--- Provided information ---
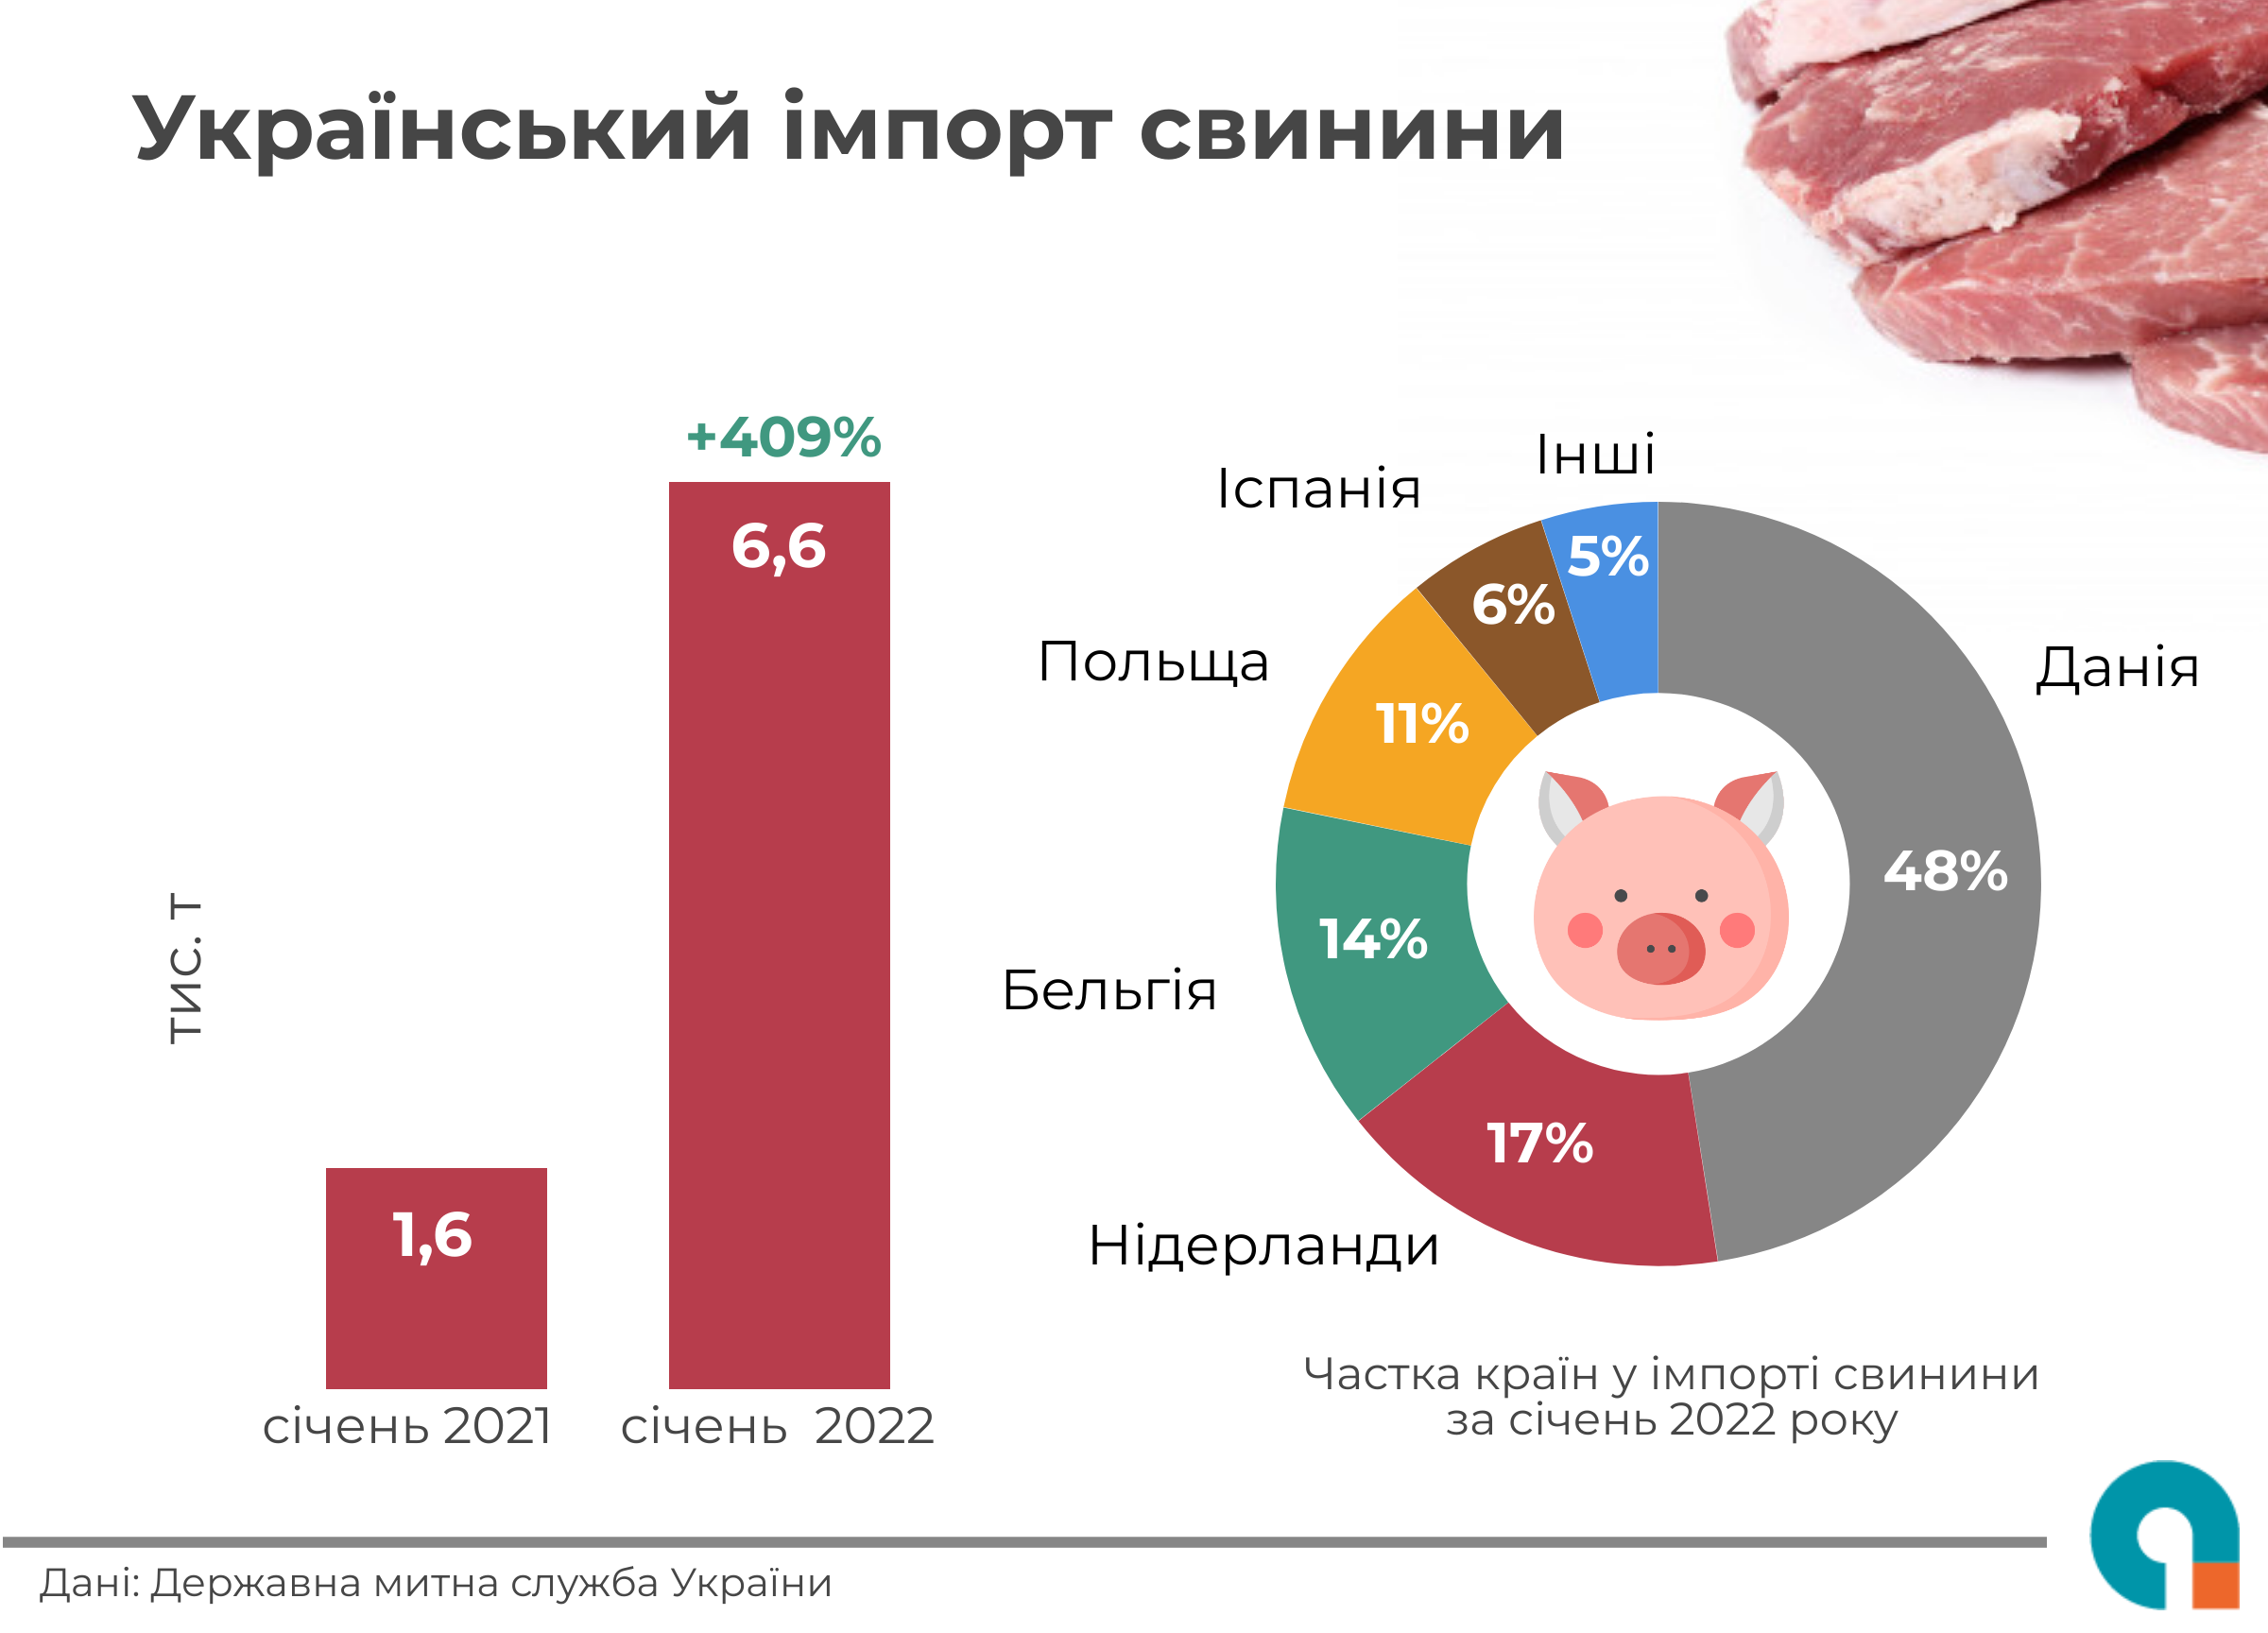 Инфографика импорта свинины
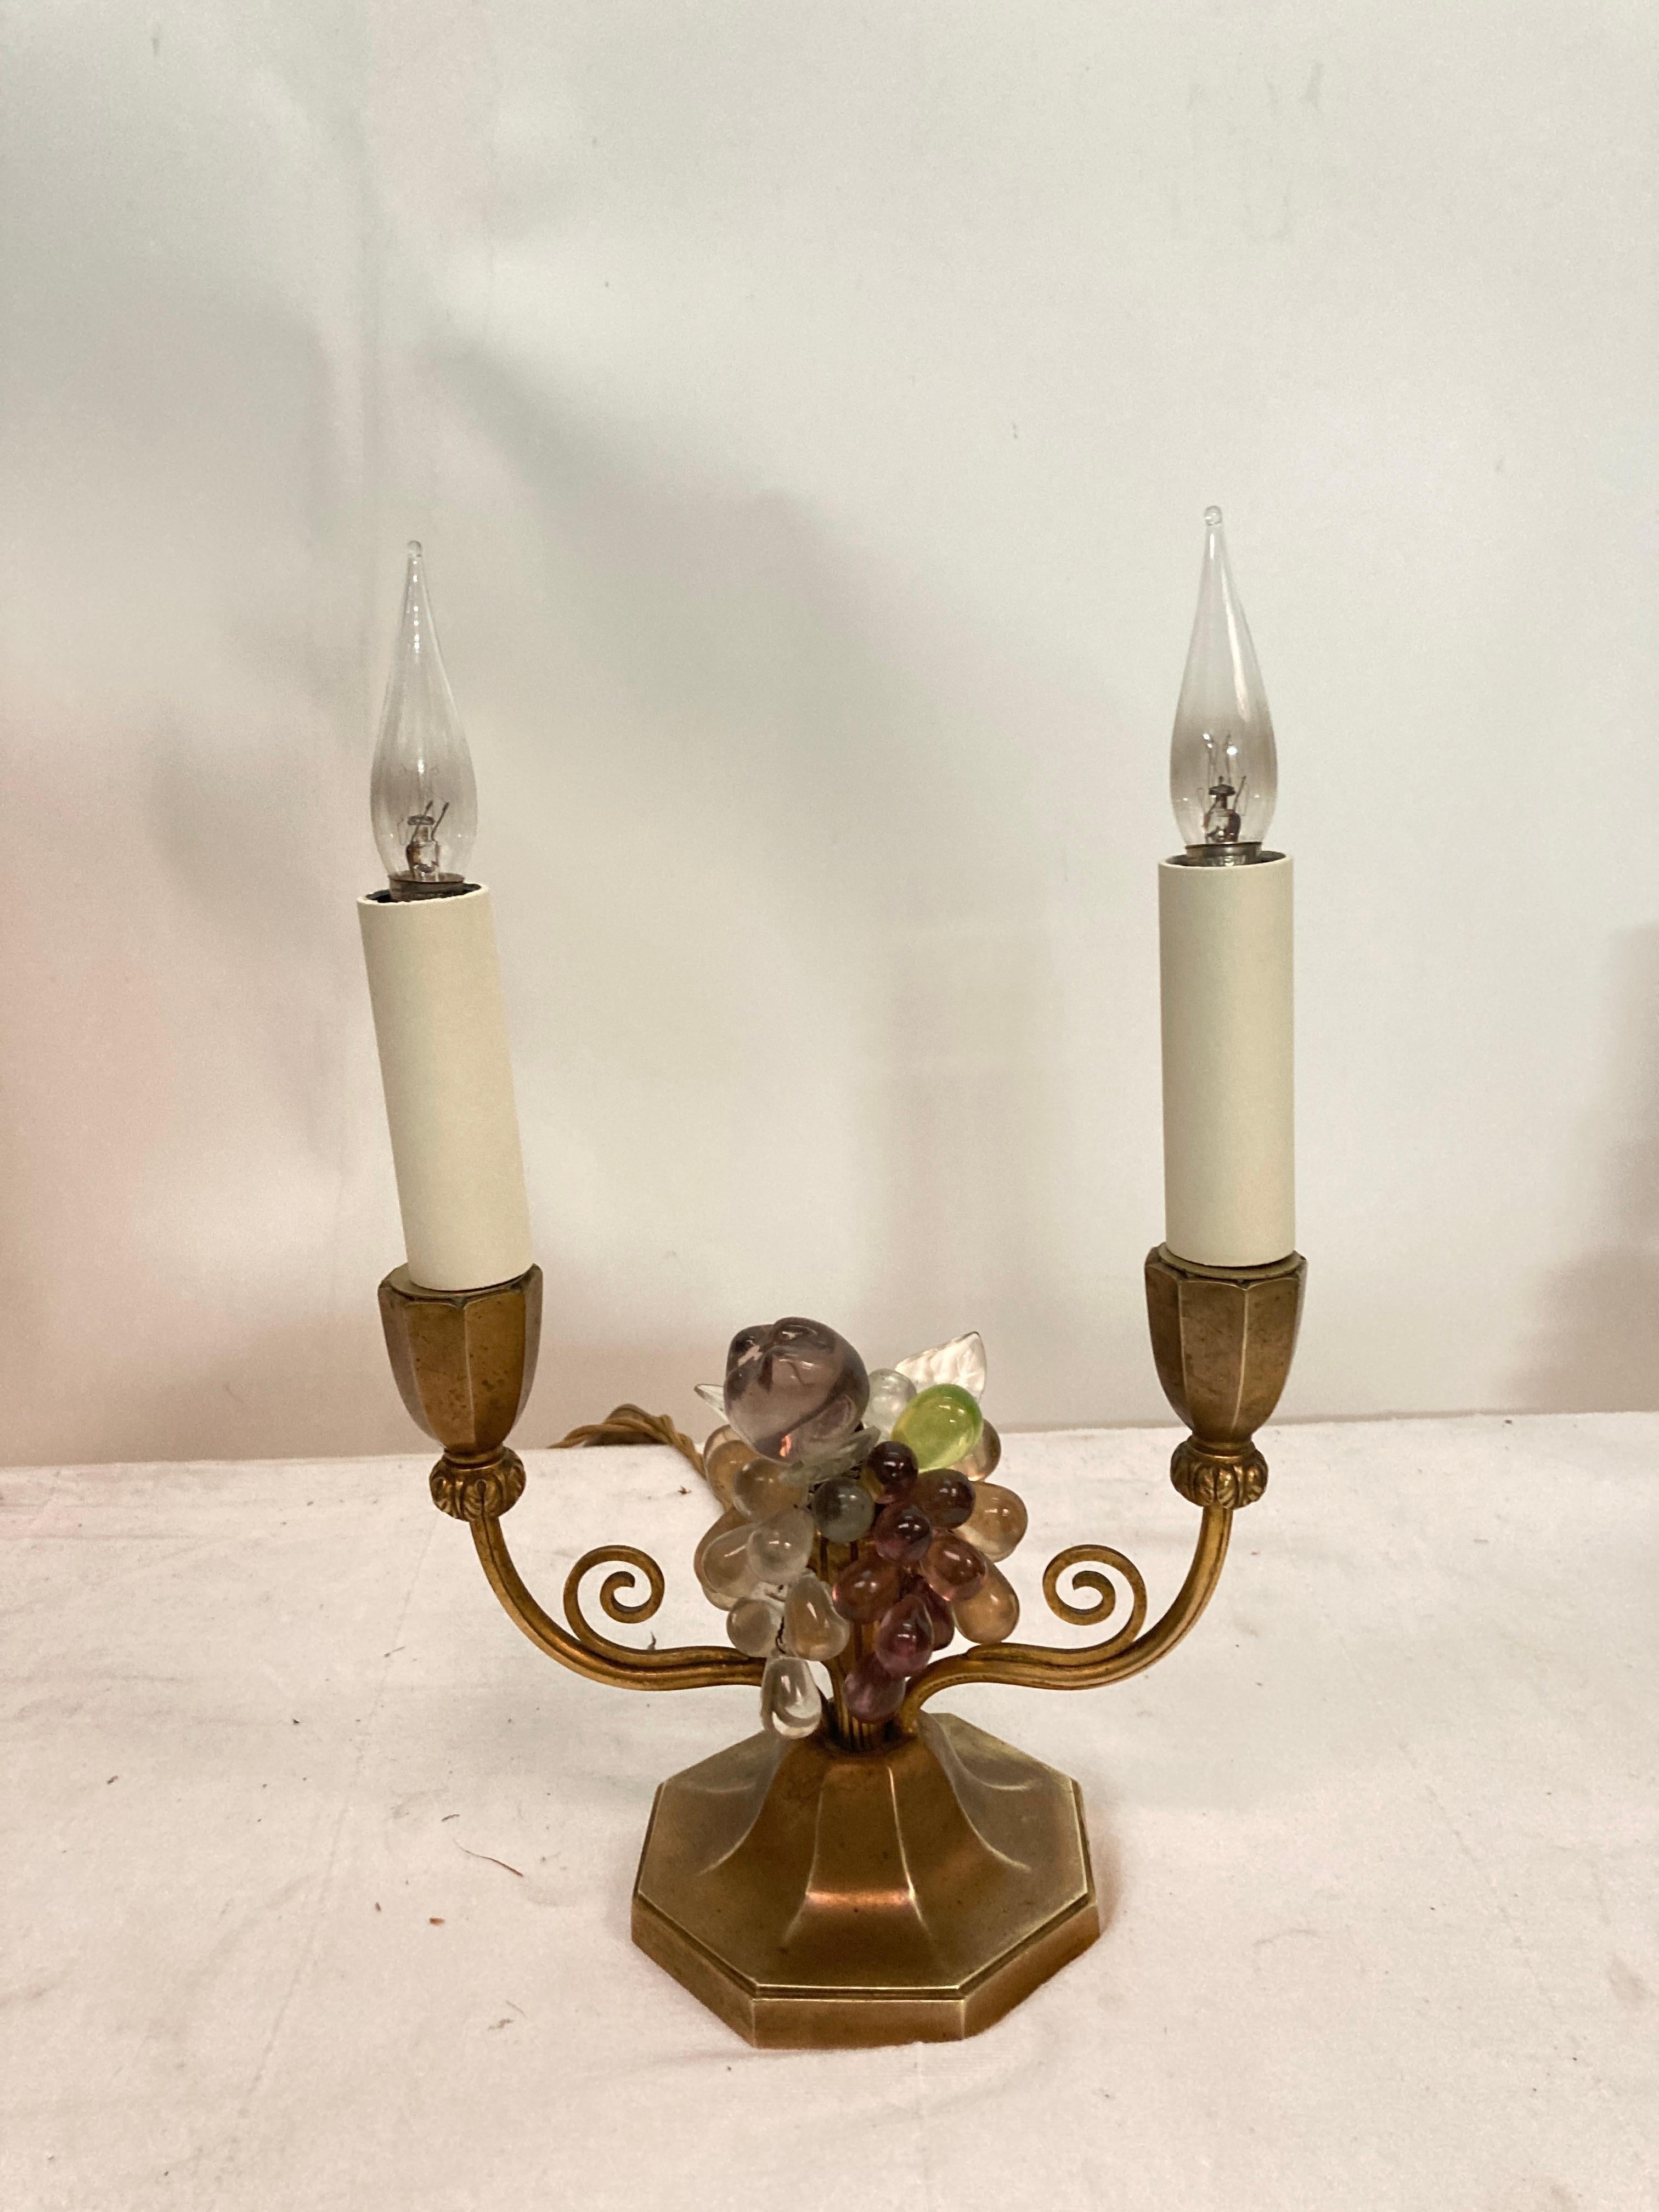 Paire de charmantes lampes en bronze et verre fruité.
attribuée à la Maison Baguès
France
Dimensions données sans les ampoules
Avec bulbes : 32 cm de haut
Recâblage
---
What you should do » Your answer should be the lines from the one containing "Dimensions données sans les ampoules" to the end of the entries above, restated exactly and alone.

Exercise solution »
Dimensions données sans les ampoules
Avec bulbes : 32 cm de haut
Recâblage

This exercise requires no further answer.